Also in this example (example 5), like in the example 1, with the ink jet head mounted on an ink jet recording apparatus as shown in Fig. 4, the recording test of repeating solid image and blank was performed.
In this case, the carriage moving speed and the discharge frequency were made equal to those in the example 1.
Fig. 19A is a graph illustrating the distribution of density in this case.
In Fig. 19A, 19-0 illustrates the distribution of density when no power is supplied to the auxiliary heat generating element H_S, and 19-1 illustrates the distribution of density when electrical pulses are supplied to the auxiliary heat generating element H_S in this example.
With this recording test in this example, owing to the image OFF interval of 80 mm provided like in the example 1, the recording without irregularities on image can be achieved in the same way as in the example 1.
Fig. 19B is a graph illustrating the distribution of density in recording solid image and blank at repetitive intervals (ON-OFF interval of image) the length of which is changed to an interval of 10 mm in the test of Fig. 19A.
In Fig. 19B, 19-2 illustrates the distribution of density when no power is supplied to the auxiliary heat generating element H_S, and 19-3 illustrates the distribution of density when electrical pulses are supplied to the auxiliary heat generating element H_S in this example.
Also, in Fig. 19B, 19-4 is illustrated as a reference when image is recorded with the driving method of previous example 1 using the recording head used in the example 1.
As will be clearly seen from the graph of Fig. 19B, if the repetitive interval of solid image and blank is about 10 mm, some irregularities on image may remain due to the previous reason, but it will be found that image is greatly improved as compared with 19-2 of conventional example.
Note that in the driving method of this example, like in the previous example, control means was provided to reduce the temperature variation of support plate, and using a control circuit, keep the temperature of support plate at the temperature when the resistance value of the auxiliary heat generating element H_S was determined, so that more excellent image could be obtained.

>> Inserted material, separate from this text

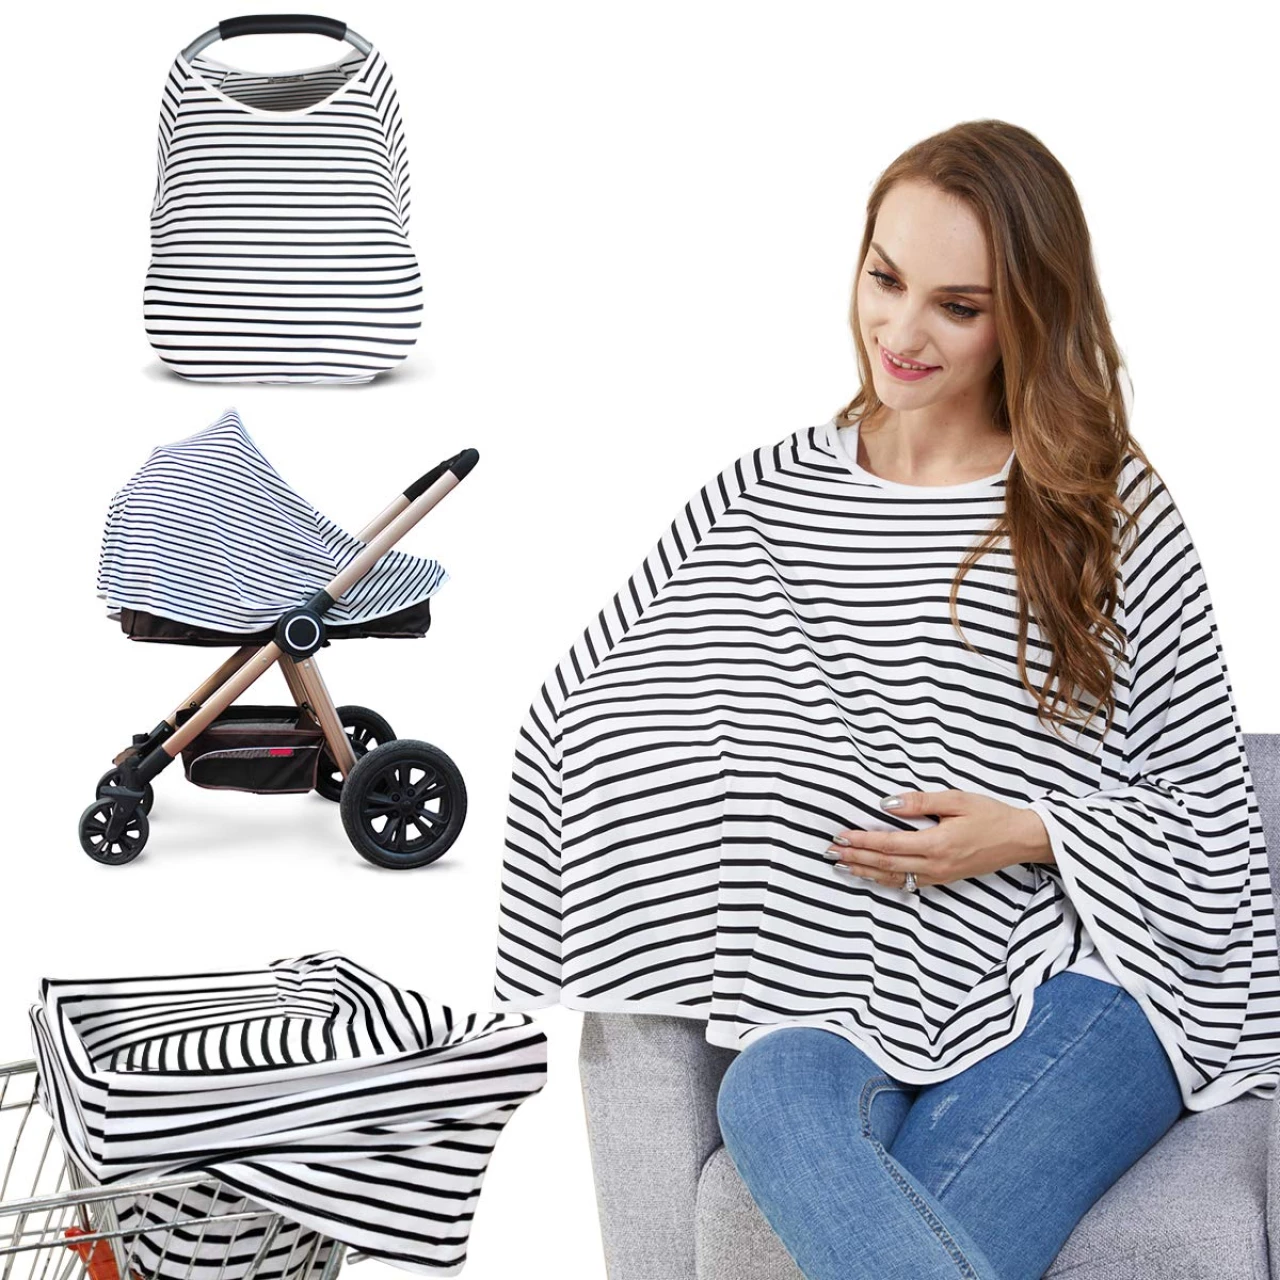 Baby Nursing Cover &amp; Nursing Poncho - Multi Use Cover for Baby Car Seat Canopy, Shopping Cart Cover, Stroller Cover, 360° Full Privacy Breastfeeding Coverage, Baby Shower Gifts for Boy&amp;Girl

Note that in the ink jet head for use in this example, there is provided a following method for determining the resistance value of the auxiliary heat generating element H_S.
That is, a method can be adopted for determining the resistance value of the auxiliary heat generating element H_S in such a manner that in the state where the above control circuit is operated under the condition of constant room temperature, the temporal average value of power for making the control when the image signal ON is continuously applied to all the heat generating elements H₁ to H₈ is made substantially equal to the temporal average value of power for making the control when the image signal OFF is continuously applied to all the heat generating elements H₁ to H₈, or more specifically, the difference between them is within 5%.

Example 6

Fig. 20A is a timing chart showing driving pulses in the sixth example of the driving method for ink jet head according to the present invention, and Fig. 20B is a partial longitudinal cross-sectional view illustrating the arrangement of heat generating elements within a liquid channel of the ink jet head used in Fig. 20A.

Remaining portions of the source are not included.